Croatia: Digital platform workers allegedly face new form of exploitation as intermediaries cause pay cuts, longer working hours & other violations

Middlemen: The Croatian ‘Aggregators’ Failing Digital Platform Workers, 24 March 2023

... From food delivery to home cleaning, ride hailing to marketing, tens of millions of so-called ‘platform workers’ around the world earn money via digital platforms that connect buyers and sellers of goods and services.

Reportedly, in Croatia, an estimated 80 per cent of such workers choose to be employed by an aggregator, while the rest register as self-employed. Platform workers and labour unions say labour violations are rife, with many aggregators opting to pay workers partly in cash and thus lowering the level of social security contributions and taxes; workers invariably work longer than the hours stipulated in their contracts.

Meanwhile, digital giants like Spanish Glovo or San Francisco-based ride-hail app Uber are free from many of the responsibilities that come with formal employment.

“Aggregators do the dirty part of the job so the platforms don’t have to,” said Ivan [not his real name], who drives for Uber and Tallinn-based Bolt. “Uber doesn’t care if the social security contributions aren’t paid or if the worker doesn’t have the right to a paid vacation.”...
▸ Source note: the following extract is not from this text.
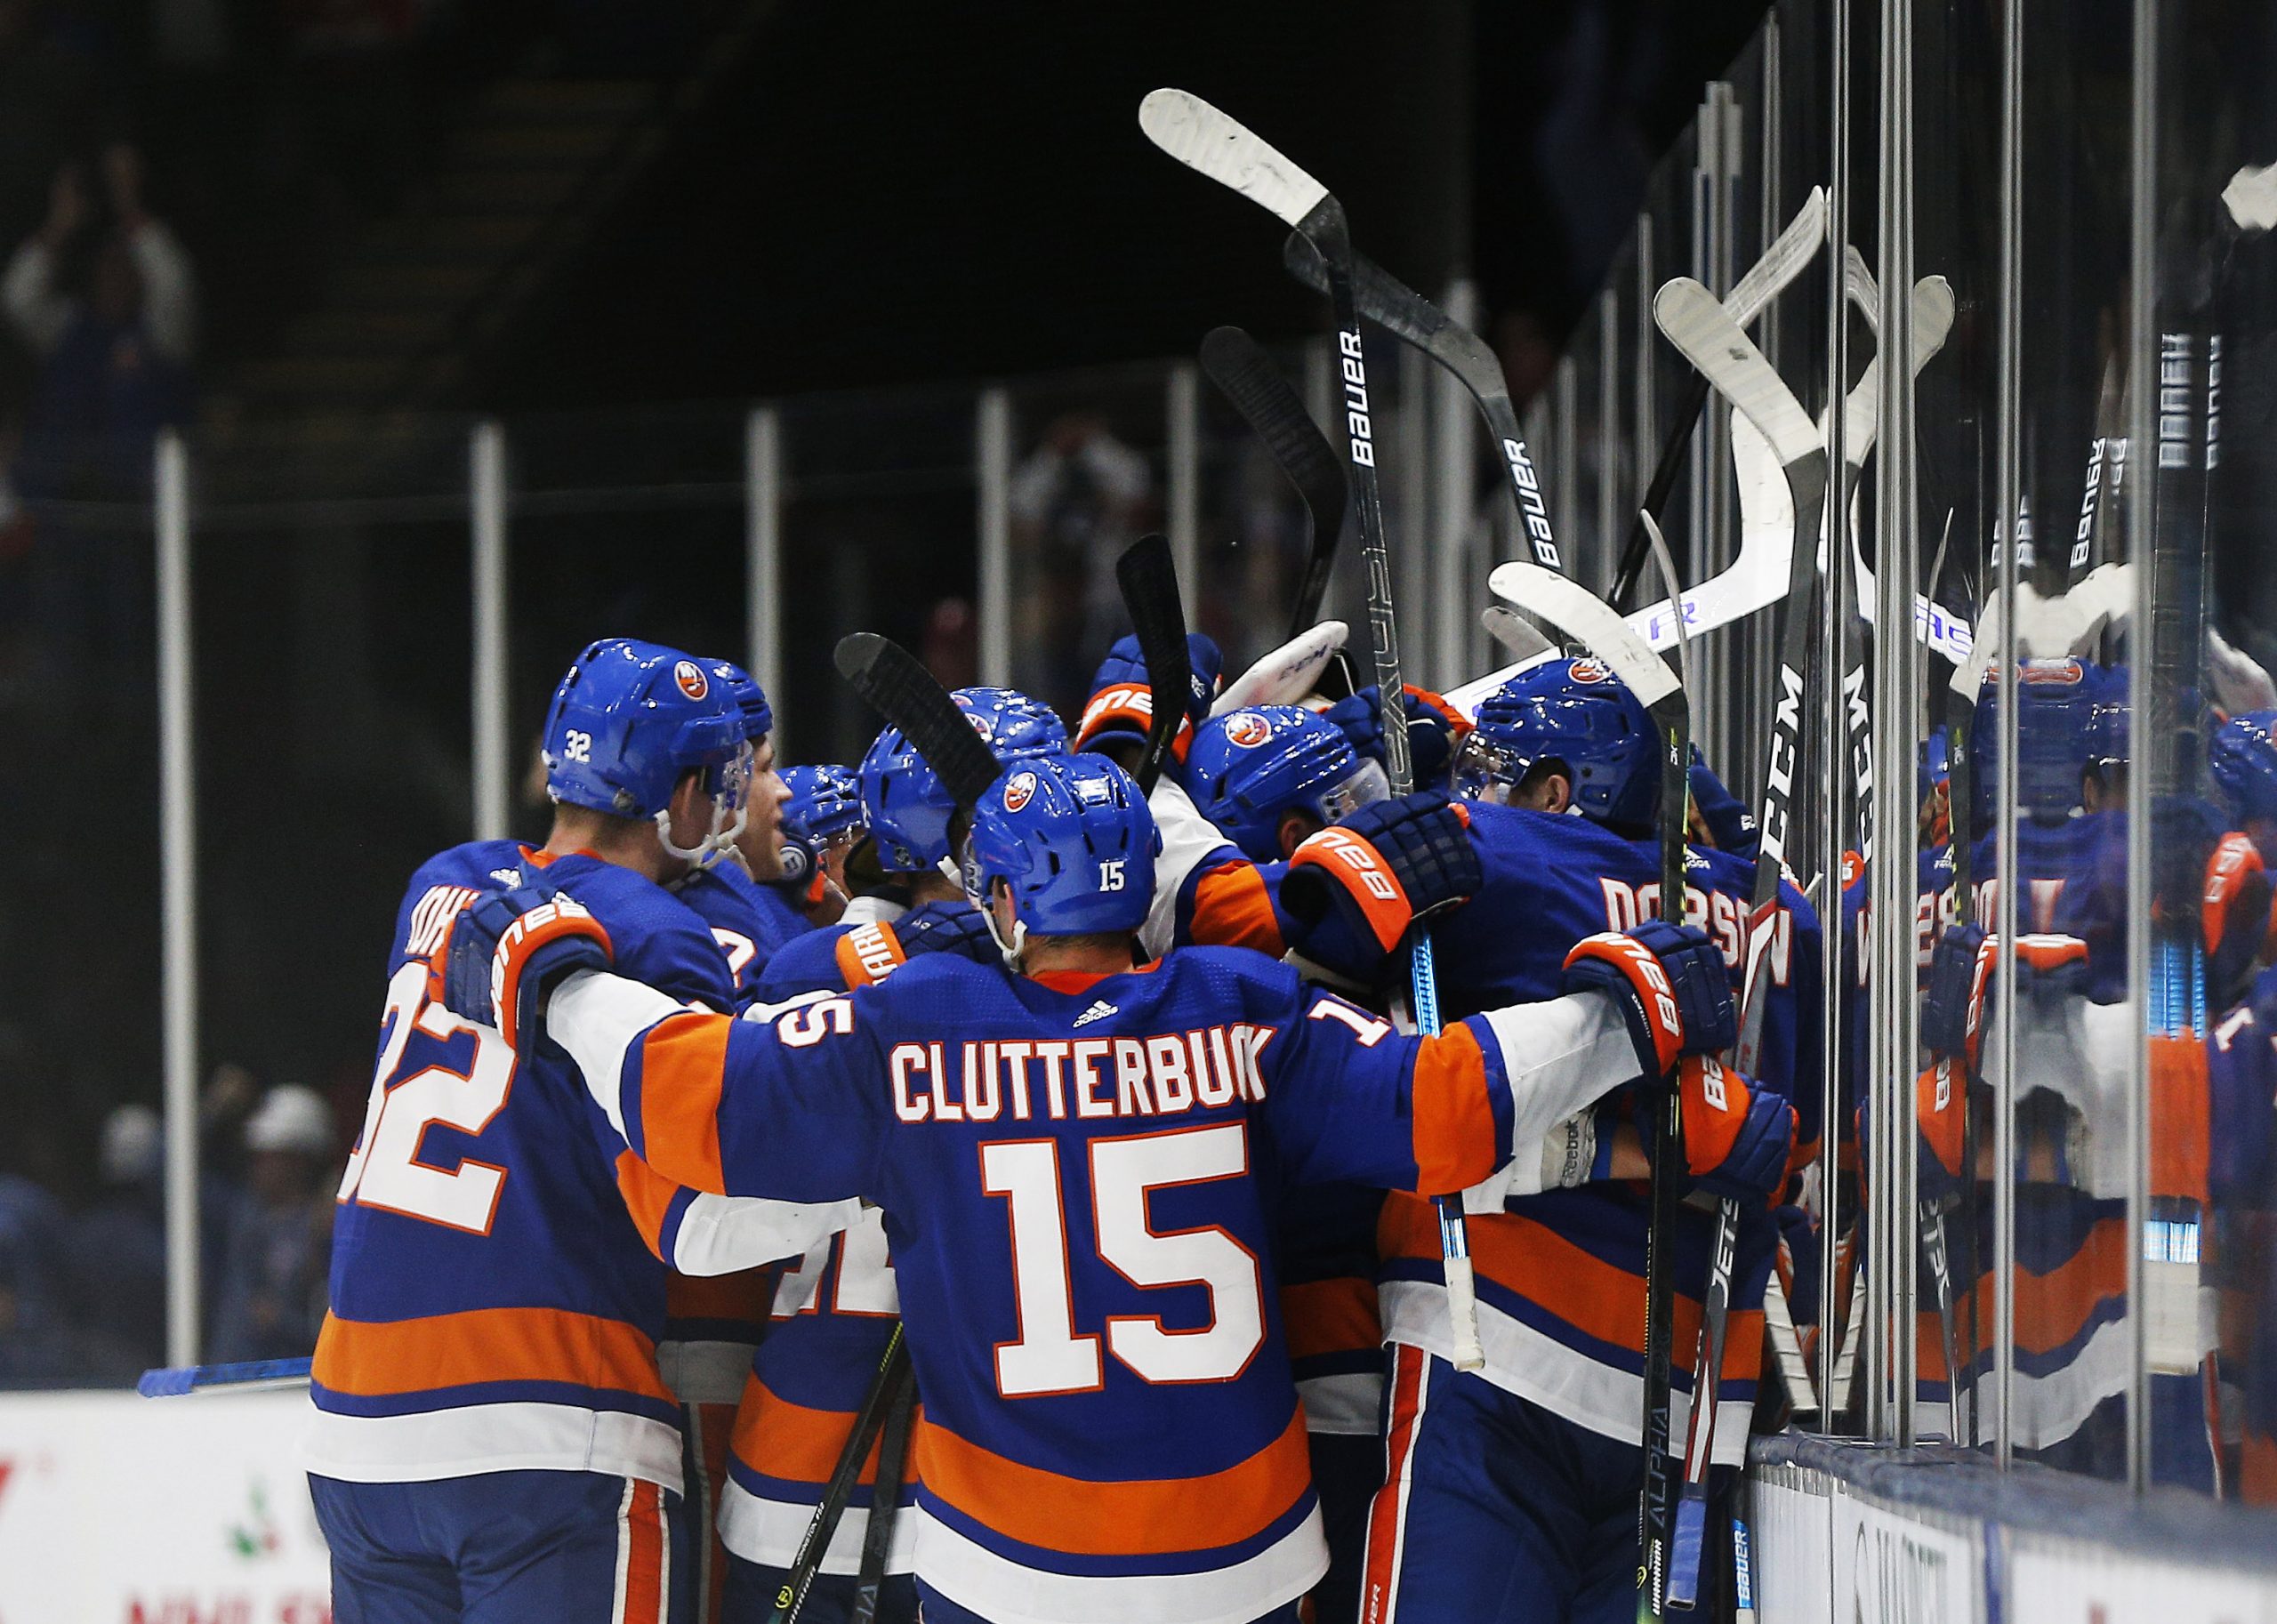 Dec 14, 2019; Uniondale, NY, USA; New York Islanders players celebrate after defeating the Buffalo Sabres at Nassau Veterans Memorial Coliseum. Mandatory Credit: Andy Marlin-USA TODAY Sports

The European Union estimates that some 28 million people in the bloc work via digital labour platforms, a number that is expected to rise to 43 million by 2025.

In Croatia, which joined the EU in 2013, there are an estimated 194,000 platform workers, out of a workforce of roughly 1.7 million. A big majority are employed by aggregators, which charge fees ranging between five and 10 per cent of a person’s earnings, according to adverts posted online. Some workers complain of even higher rates...

The Croatian branches of Glovo and Wolt, another major food delivery platform, responded jointly via a public relations agent, saying that it is in the interests of digital platforms “to work together with trusted partners, be they restaurants, shops or aggregators”.

Platforms usually check the aggregators before they sign contracts with them, including whether they have debts to the tax authorities or their employees.

“Likewise, when working with a partner, if they [digital platforms] receive information that the partner company is not paying deliverers… or that the [company] is engaging in any illegal conduct, and if it is established that this information is correct, they terminate the cooperation,” Glovo and Wolt said.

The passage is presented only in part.